Calpastatin Chicken polyclonal 1∶1000 Abcam, Cambridge, UK ab16423
GLUT4 Rabbit polyclonal 1∶4000 As above. ab654

The glycogen content of skeletal muscle was determined by a biochemical assay as described previously [21]. The inter-assay coefficient of variation was 9%.

Statistical Analyses

Values are presented as mean values ± SEM. Data were analysed using Student’s t-test. Ratios of muscle protein expression were arcsine transformed prior to statistical analysis, and are presented as a fold change from the mean values observed in the respective control group. For all comparisons, statistical significance was accepted when P<0.05.

Results

Fetal Cortisol Infusion

Plasma cortisol concentration was significantly higher in the cortisol-infused fetuses than in the saline-infused fetuses (p<0.05; Table 2). Fetal cortisol infusion for five days led to significant increases in the muscle protein level of p-Akt Ser473 and the expression of Akt2 (p<0.05), but not Akt1 (Figure 1A, B and C), and decreases in the protein expression of p-mTOR Ser2448 and p-S6K Thr389 (p<0.05; Figure 2A and B). There were no significant differences in muscle protein abundance of IR-β, IGF-1R, PKCζ, calpastatin (Table 2) or GLUT4 (Figure 3B), or muscle glycogen content (Table 2), between the saline and cortisol-treated fetuses.

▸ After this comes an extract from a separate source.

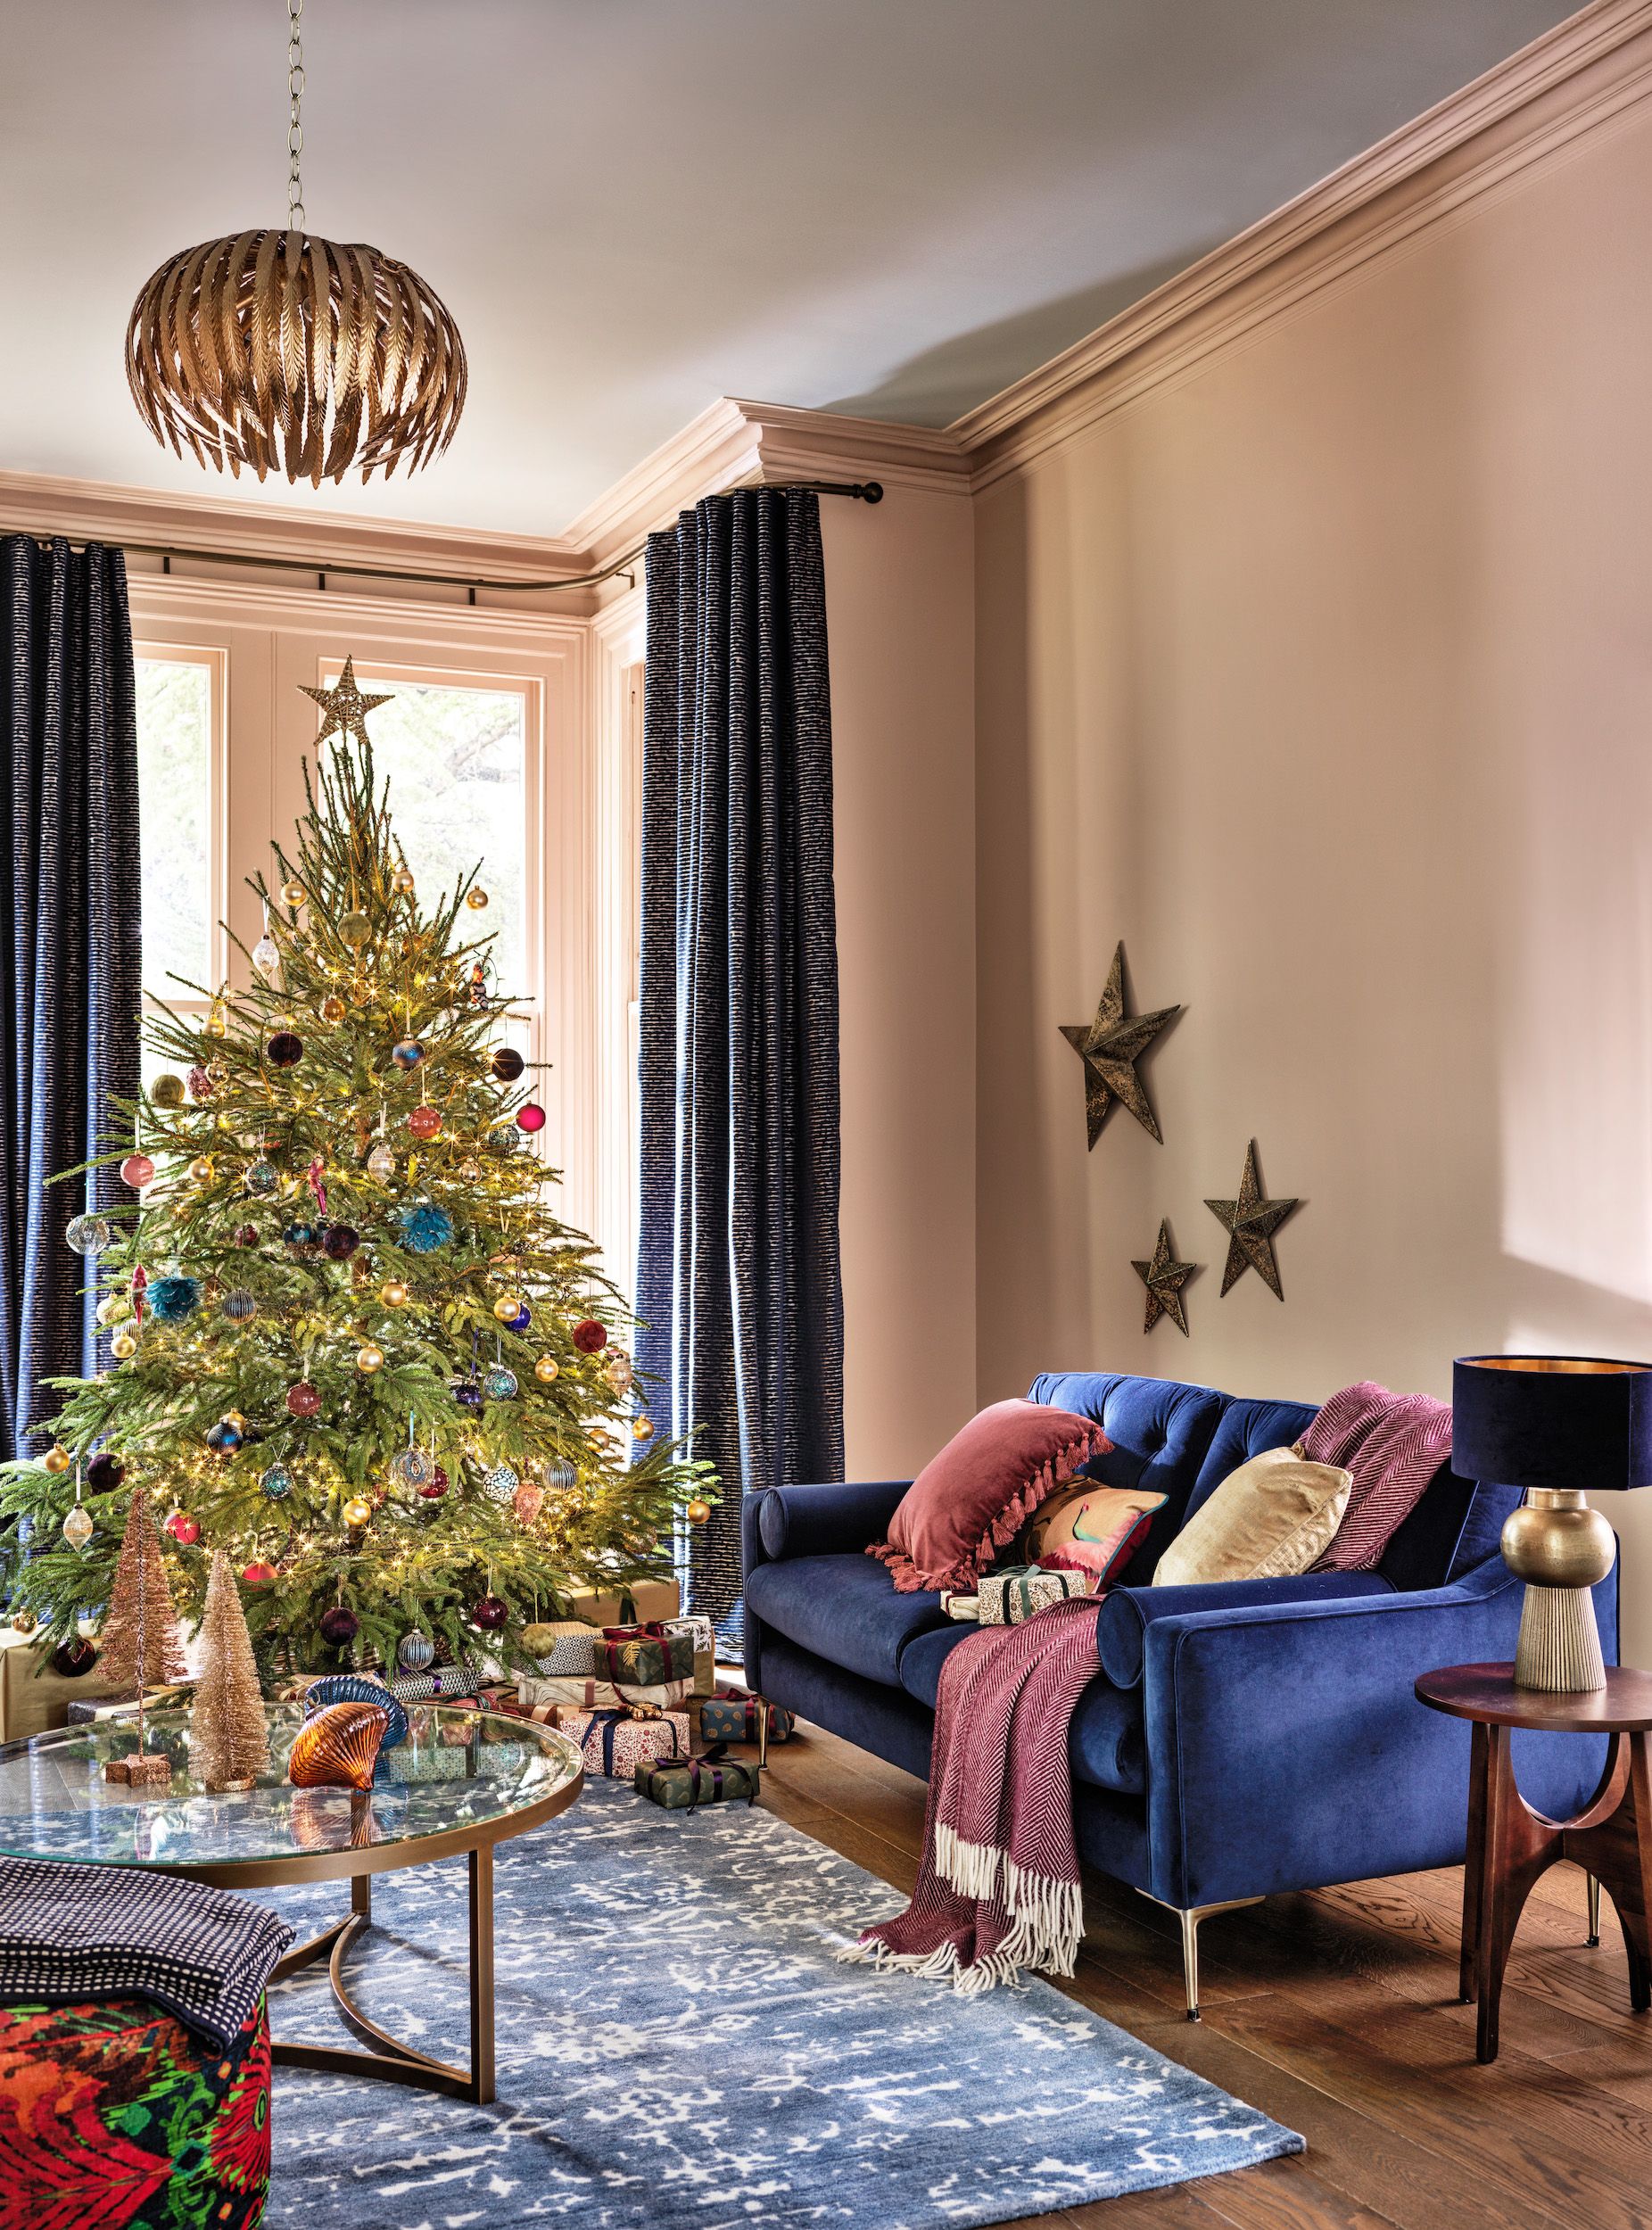 When to Take Your Christmas Tree Down, According to Experts

Table 2. Mean (± SEM) plasma concentrations of cortisol, muscle protein levels of IR-β, IGF-1R, PKCζ and calpastatin, and muscle glycogen content in fetuses infused i.v. with either saline or cortisol for 5 days, and in fetuses whose mothers were injected i.m. with either saline or dexamethasone.

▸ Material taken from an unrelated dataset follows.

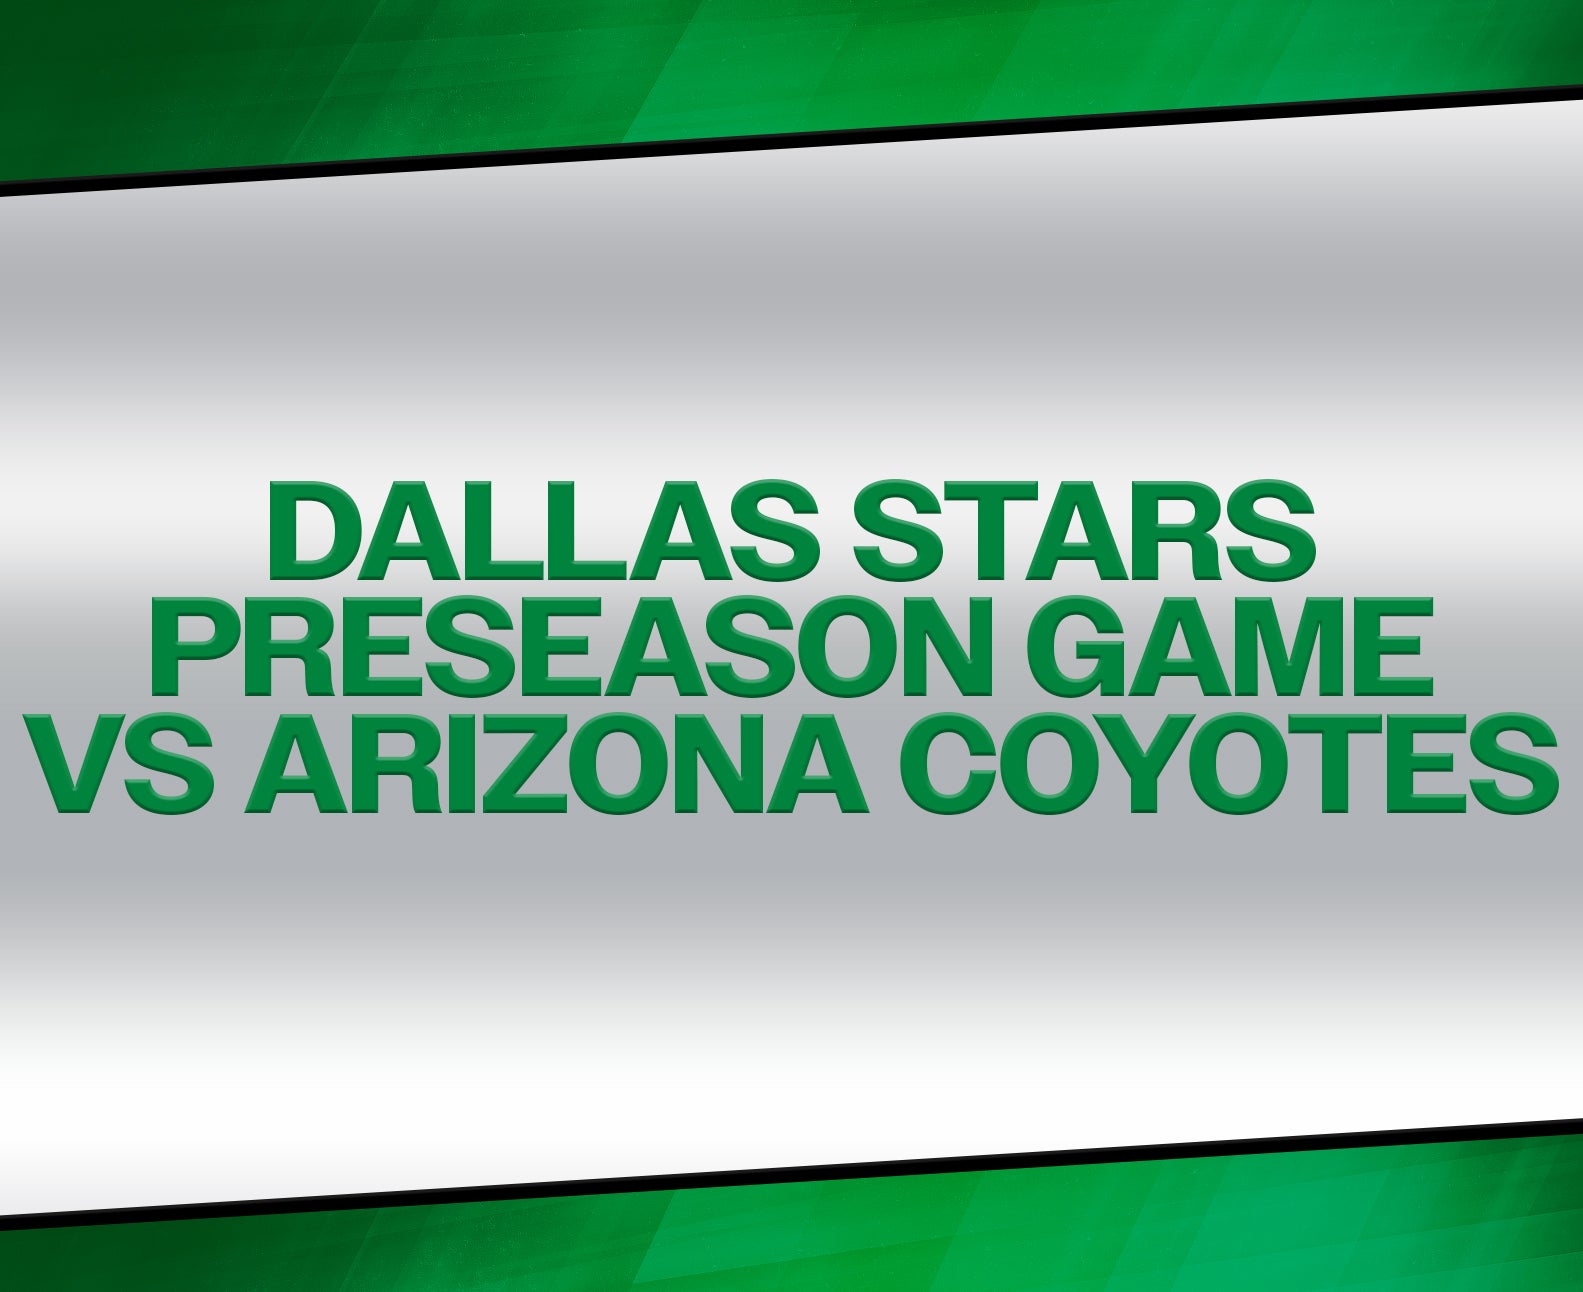 Here's how to get tickets to Dallas Stars home games for the

Fetal administration Maternal administration
Saline Cortisol Saline Dexamethasone
Gestational age (days) 130±0 131±0.2 127±0 127±0
Plasma cortisol (ng.ml−1) 14.1±2.0 91.2±20.9* 16.1±2.8 8.6±0.7*
Muscle IR-β (au) 1.00±0.20 1.11±0.10 1.00±0.06 0.88±0.06
Muscle IGF-1R (au) 1.00±0.21 1.06±0.13 1.00±0.16 0.84±0.13
Muscle PKCζ (au) 1.00±0.09 0.86±0.06 1.00±0.03 1.02±0.04
Muscle calpastatin (au) 1.00±0.09 0.83±0.10 1.00±0.04 1.07±0.13
Muscle glycogen (mg.g tissue−1) 46.27±3.72 48.38±2.21 48.70±1.95 50.51±3.14
*

, significantly different from the respective saline control group, Student’s t-test, p<0.05. IR-β, insulin receptor β-subunit; IGF-1R, insulin-like growth factor-1 receptor; PKCζ, protein kinase C ζ; au, arbitrary units.

Figure 1. Mean (± SEM) protein levels of (A, D) p-Akt, (B, E) Akt1 and (C, F) Akt2 in skeletal muscle of fetuses infused i.v. with either saline or cortisol for 5 days, and fetuses whose mothers were injected i.m. with either saline or dexamethasone.

Figure 1

*, significantly different from saline control group, p<0.05.

Figure 2. Mean (± SEM) protein levels of (A, C) p-mTOR and (B, d) p-S6K in skeletal muscle of fetuses infused i.v. with either saline or cortisol for 5 days, and fetuses whose mothers were injected i.m. with either saline or dexamethasone.

Figure 2

*, significantly different from saline control group, p<0.05.

Figure 3. Mean (± SEM) GLUT4 protein level in skeletal muscle of (a) fetuses infused i.v. with either saline or cortisol for 5 days, and (b) fetuses whose mothers were injected i.m. with either saline or dexamethasone.

Figure 3

*, significantly different from saline control group, p<0.05.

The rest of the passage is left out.